I still don't know what happened to my boy. I threw myself into my work, trying to keep myself occupied. I had the nanny to take care of him, so what mothering duties did I need to perform? I was not expected to do anything of much substance, and at the time, I was not willing to go against what was expected of me. Childrearing was what the nanny was for, and I wasn't in a position to refuse it. The privilege of your father's family and wealth allowed me to hand the boy over to other women to care for, and I did so gladly. I don't want you to think I didn't love him, though. I did my best to love the boy as best I could, but I wasn't always there, and he became too attached to his nanny in the end.

He was a sensitive child, just like you probably were. You've told me enough now to know what your childhood was like. You were unsettled like he was. What curse I have passed on to you both, I cannot say. I still loved him, though. He always managed a smile for me, even though he was often quiet and uncommunicative. He loved solitude, and walking out in the woods. I suppose I should've seen it coming, but I wasn't around, I wasn't being attentive enough, so when he disappeared, I had no idea why.

You must think it strange to think about him at all. I guess he is like a ghost to you, a photo on a mantelpiece, a body in a crypt, but not a living child. You have no memory of him at all, but he lived for me, and it was only when he went missing that I realised how much I loved him.
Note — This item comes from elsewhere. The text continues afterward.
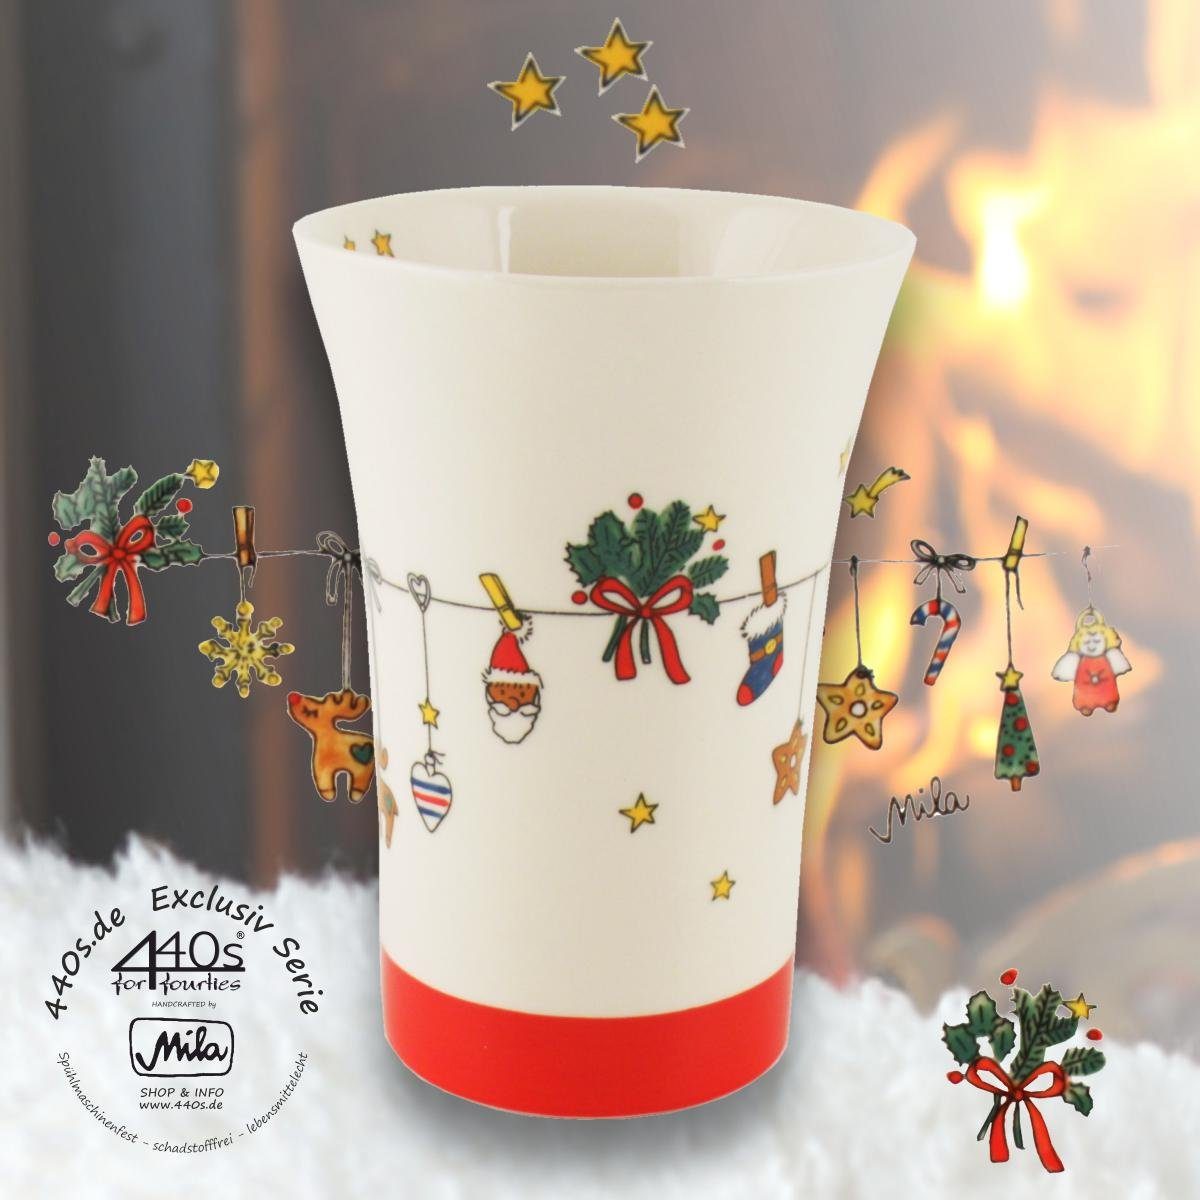 440s Becher 440s-Exklusiv Mila Keramik-Becher Pot Coffee Keramik Es sehr, Weihnachtet

But by then, it was too late. His bones will never tell his story, and I can only guess as to how he might have died, and where he was during those months when he was gone. We tried so hard to find him, but he was never to return to us alive.

I still don't know what brought you back into our lives at that time. Some cruel trick of fate, perhaps. I dared not believe you were the girl I gave birth to all those years ago, not for many years. I could not bring myself to consider it, even though I could see certain things in your face that reminded me of what I'd looked like when I was a young girl. I saw things in my son that reminded me of you. Your father was right, you did look a lot like my son when we first found you all those years ago. I was willing to accept you as my own son because I dared not think you were anything other than a stray who had come wandering in. You wanted a mother, and I was willing to be yours. You could be the son that had been cruelly taken from me, and you could do it because you looked so much like him. No one would notice, and the heir would still live.

You were so skinny when you first came back to us. Small, scared and neglected. Hearing how you were treated by the family that took you in after you were born upset me, and for a long time, I didn't know why that was. I had never known where you had gone once I gave you up. I never knew why you were given to that family, or who they even were. You never told me who they were, and I don't want to know. It is enough knowing what you have felt safe telling me, and it plagues me with guilt that I gave you up, only for you to end up with a family that hated you, just as I had hated you when you were growing inside me. But I don't think I would have been much of a mother to you at that time, anyway. I was not ready to love a child then, and perhaps we were both better for waiting to be together again, when I could give you the love you really needed when I was able to give it.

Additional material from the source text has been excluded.